Пэмантий, выйдя из раздумья, проговорил медленно:

— Что ж… может быть, есть доля истины в твоих словах. Но… мне пора. Ждут ученики. Я сюда вернусь… И мы с тобою еще поспорим, мудрая девушка… да и мудреная притом!

Все разошлись с говором, приветствуя на ходу друг друга.

Плотин обратился к Гипатии:

— Выслушай, Гипатия, что передаст тебе от меня отец. И если согласишься… я буду рад душевно… Добрый день.

Он ушел за всеми.

— В чем дело, отец? Скажи скорее. Знаешь, женщины не терпят долго. Им надо все узнать немедля… Что говорил тебе наставник? Обо мне?..

— Да. Он…

— Ты не решаешься?.. О, Музы… Не сватовство ли? Что ж, в дочери к нему пойти я согласна, только не в жены. И то, если мой отец родной, любимый ревновать меня не станет к названому отцу…

— Не смейся, дочь. Дело серьезное. Он предлагает тебе быть наставницей в его Гимназии.

— Мне? В его Гимназии? Но там только и есть свободная кафедра по математике и нравственным наукам. И он — мне предлагает?.. Да быть не может!.. Я верно поняла?..

— Да, дитя мое…

— Да что ты? Могу ли я учить, когда сама еще почти что ничему не научилась? Здесь, с молодежью, я беседую порою, как умею… Но с кафедры… учить людей, которые мудрее и старше меня?! Они придут и будут ждать, чтобы я указала им пути жизни… отогнала от них сомненья… Нет, на это у меня не хватит сил!

— Верь не себе, Гипатия! Поверь старому мудрецу наставнику, Плотину… и мне… и всем, кто тебя знает. Ты сумеешь делать то, что предлагает наставник. Если женщина должна быть скромной… то мудрая — должна знать, кому можно верить!.. Молчишь? Не отвечаешь?..

— Что ж… верно, вы правы! Я согласна. Скажи наставнику, что я до глубины души растрогана… и благодарна!

— Вот… это — лучше всего. Иду, сейчас скажу. Оя будет рад.

На поцелуй отца дочь ответила долгим поцелуем…

— А вот Пэмантий идет опять сюда. Смотри, Гипатия! Отчего так скоро окончил ты работу, друг Пэмантий?

— Плотин сам хотел побеседовать с учениками. Я и поспешил докончить спор с Гипатией…

— Все вы спорите! Непримиримые… друзья… Ха-ха!.. Ну, дочка, я иду… скажу Плотину твой ответ. Да хранят вас боги!

— Какой ответ, Гипатия? Скажи, если это не тайна. — невольно задал вопрос Пэмантий, проводив взором Феона.

— Плотин зовет меня преподавать в Гимназии… и я дала согласье…

— Вот радостная новость.

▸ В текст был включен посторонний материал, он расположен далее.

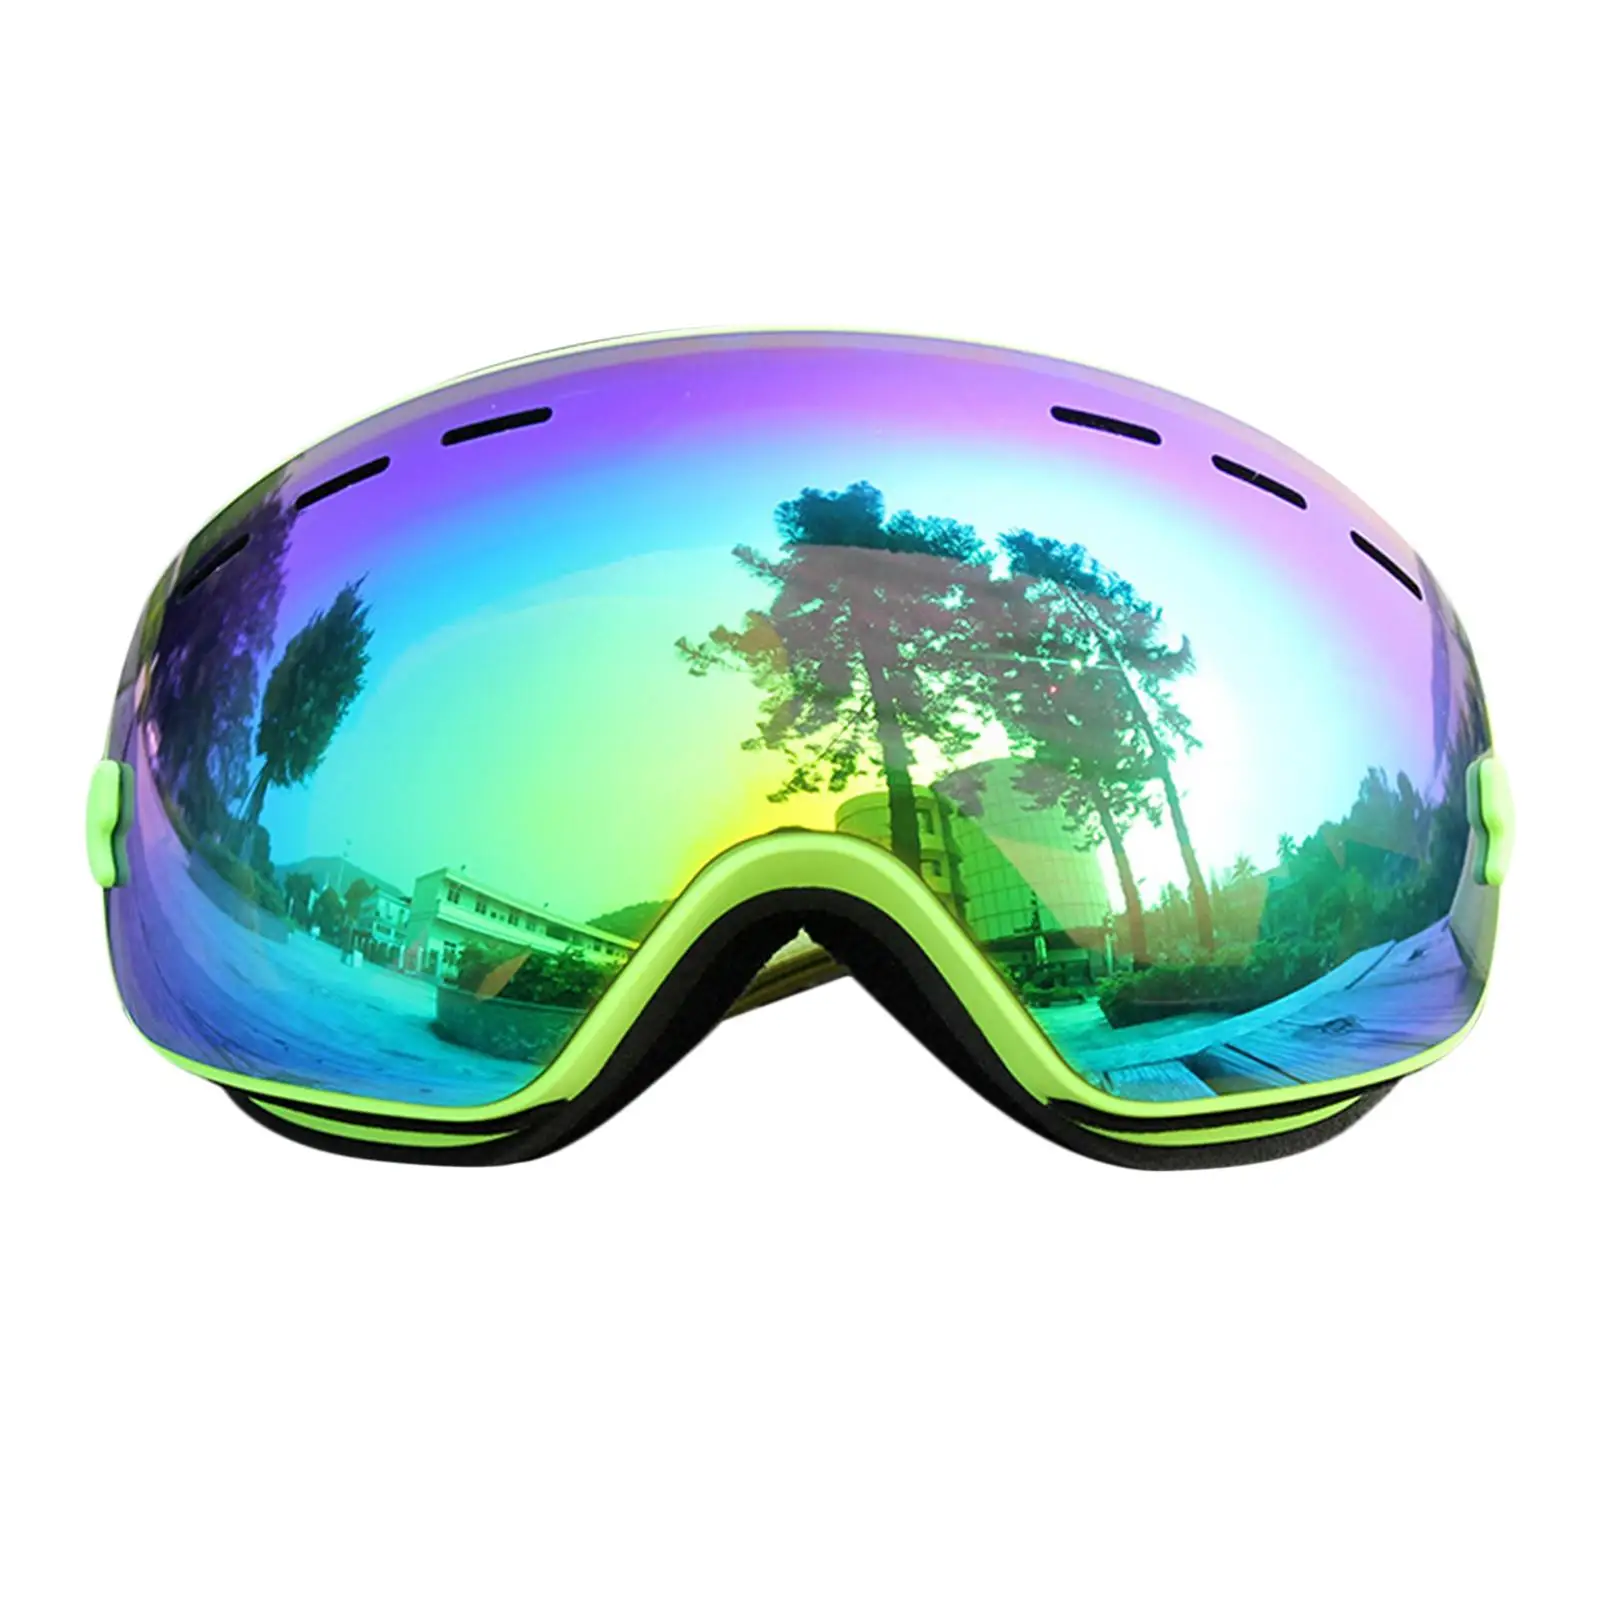 Professional Ski Snowboard Goggles Anti-fog Snowmobile Sunglasses Dual Lens for Winter Sports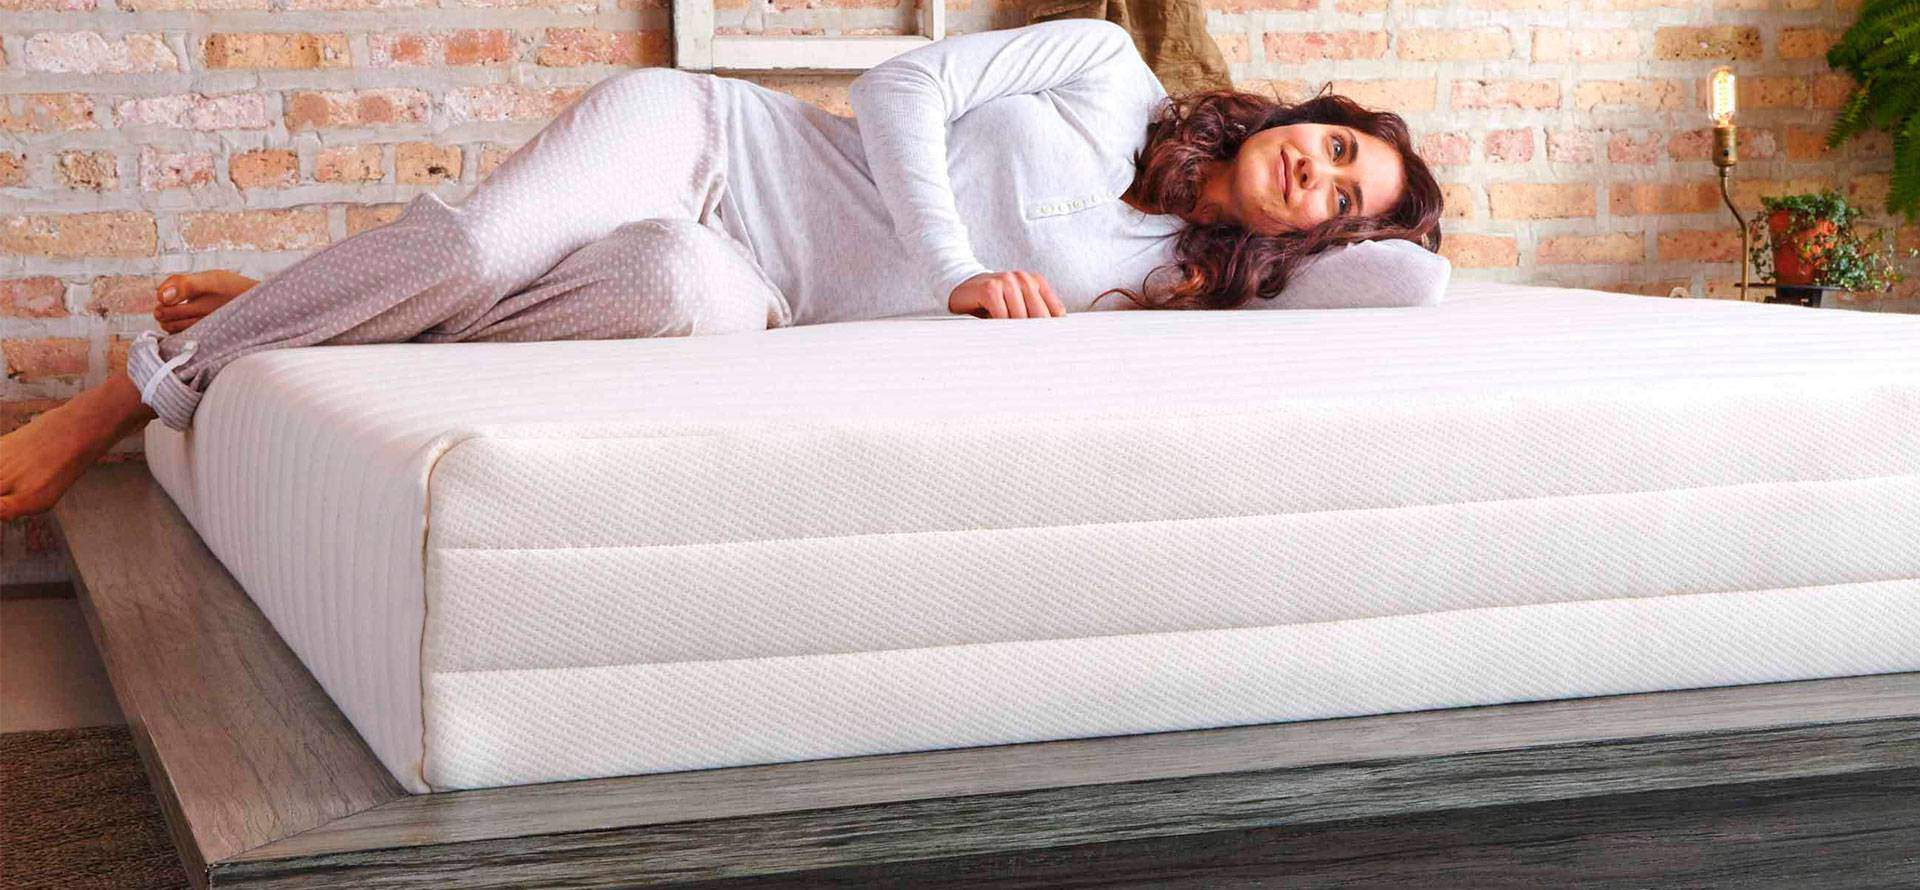 A woman sleeping on the latex mattress.

Я слышал от Плотина… и только сомневался…

— В чем? Подойду ли я к такому делу трудному? Ты возразил?

— О нет… напротив…

— А мне сказали, ты порицал меня…

— Я? Да есть ли кафедра, которой ты не была бы достойна, Гипатия? Тебе налгали на меня…

— Вот как? Ты то же самое сейчас сказал, что я от Кельсия сегодня слышала. Ты заметил, верно, меня он очень любит…

— Может быть… не знаю… Тебе это виднее, девушка.

— И очень заметно. Он никогда со мною не спорит… старается угодить.

— Знаешь, Гипатия, — помолчав, глухо заговорил Пэмантий, — когда я мальчиком ловил синичек сизо-перых, силки в траве расставлю, бывало, и лежу, затаив дыханье, чтобы не вспугнуть добычу… А потом, в палестре, вступая в единоборство с лучшим другом, который вдвое был сильнее меня, я наносил ему удары без пощады, не уступая ни на пядь, хотя и знал заранее, что победа будет за ним.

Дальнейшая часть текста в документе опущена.